This greedy algorithm produces fairly short minimal sequences.

UPDATE: Note that for n ≥ 6, this algorithm does not produce the shortest possible string!

• Make a collection of all permutations.
• Remove the first permutation from the collection.
• Let a = the first permutation.
• Find the sequence in the collection that has the greatest overlap with the end of a. If there is a tie, choose the sequence is first in lexicographic order. Remove the chosen sequence from the collection and add the non-overlapping part to the end of a. Repeat this step until the collection is empty.

The curious tie-breaking step is necessary for correctness; breaking the tie at random instead seems to result in longer strings.
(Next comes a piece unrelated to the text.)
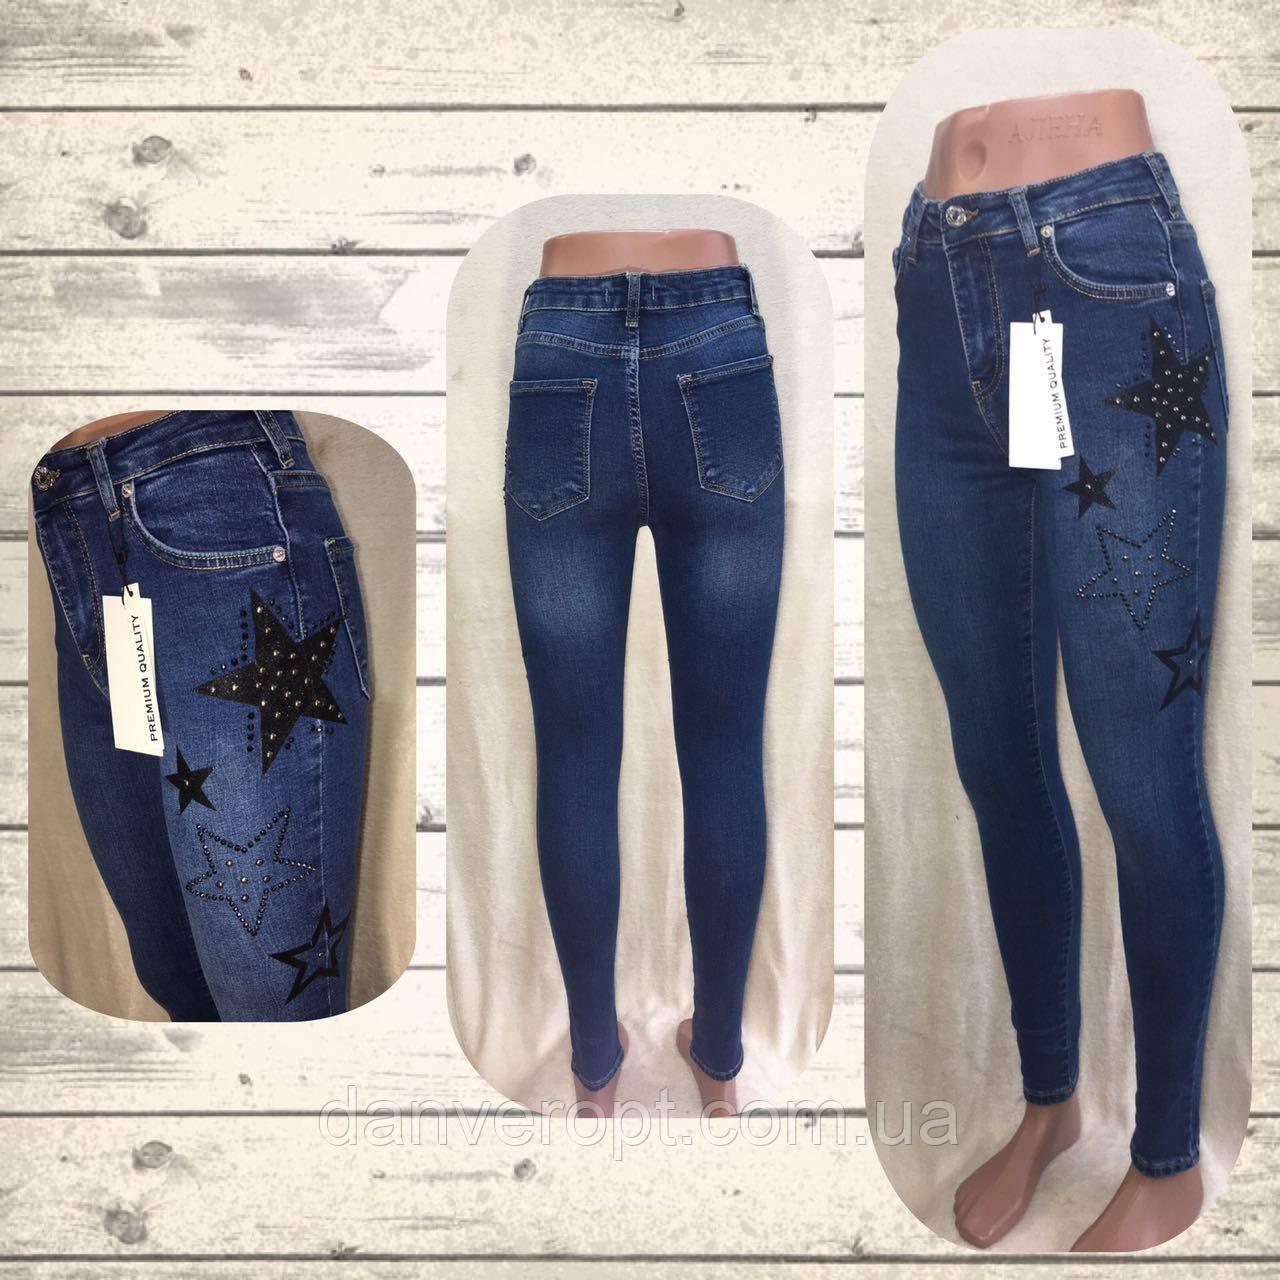 8f87438b1de Джинсы Американки женские стильные модные со стразами размер 26-31 ...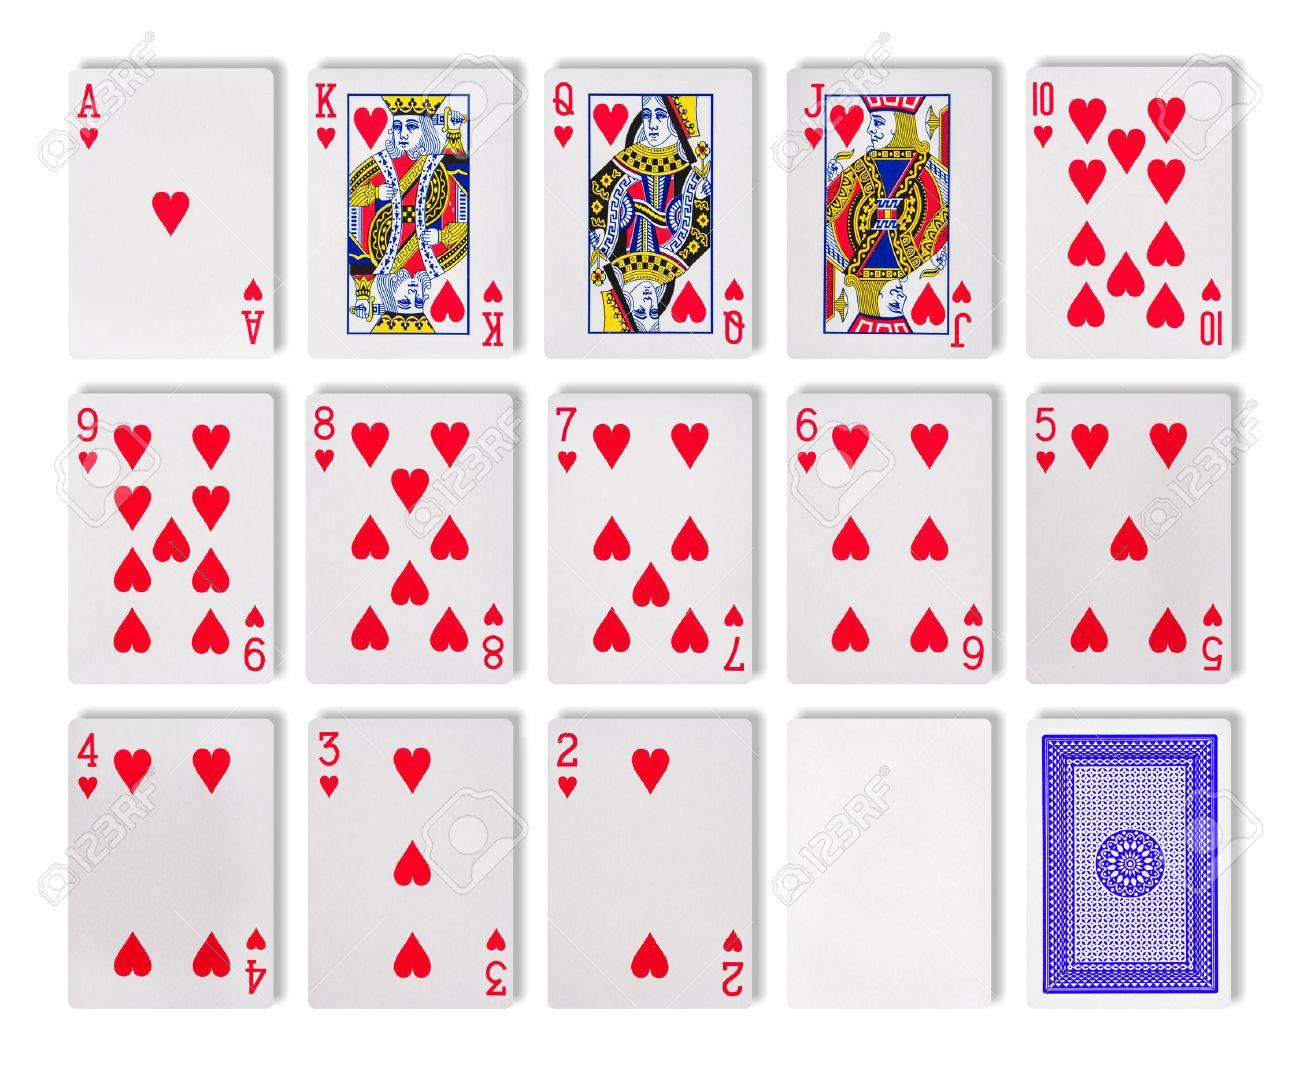 La Combinacion De Cartas De Juego De Casino Poker Aislado En El

I verified (by writing a much longer, slower program) that the answer this algorithm gives for length 4, 123412314231243121342132413214321, is indeed the shortest answer. However, for length 6 it produces an answer of length 873, which is longer than the shortest known solution.

The algorithm is O(n!²).

An implementation in Python:

import itertools

def costToAdd(a, b):
    for i in range(1, len(b)):
        if a.endswith(b[:-i]):
            return i
    return len(b)

def stringContainingAllPermutationsOf(s):
    perms = set(''.join(tpl) for tpl in itertools.permutations(s))
    perms.remove(s)
    a = s
    while perms:
        cost, next = min((costToAdd(a, x), x) for x in perms)
        perms.remove(next)
        a += next[-cost:]
    return a

The length of the strings generated by this function are 1, 3, 9, 33, 153, 873, 5913, … which appears to be this integer sequence.

I have a hunch you can do better than O(n!²).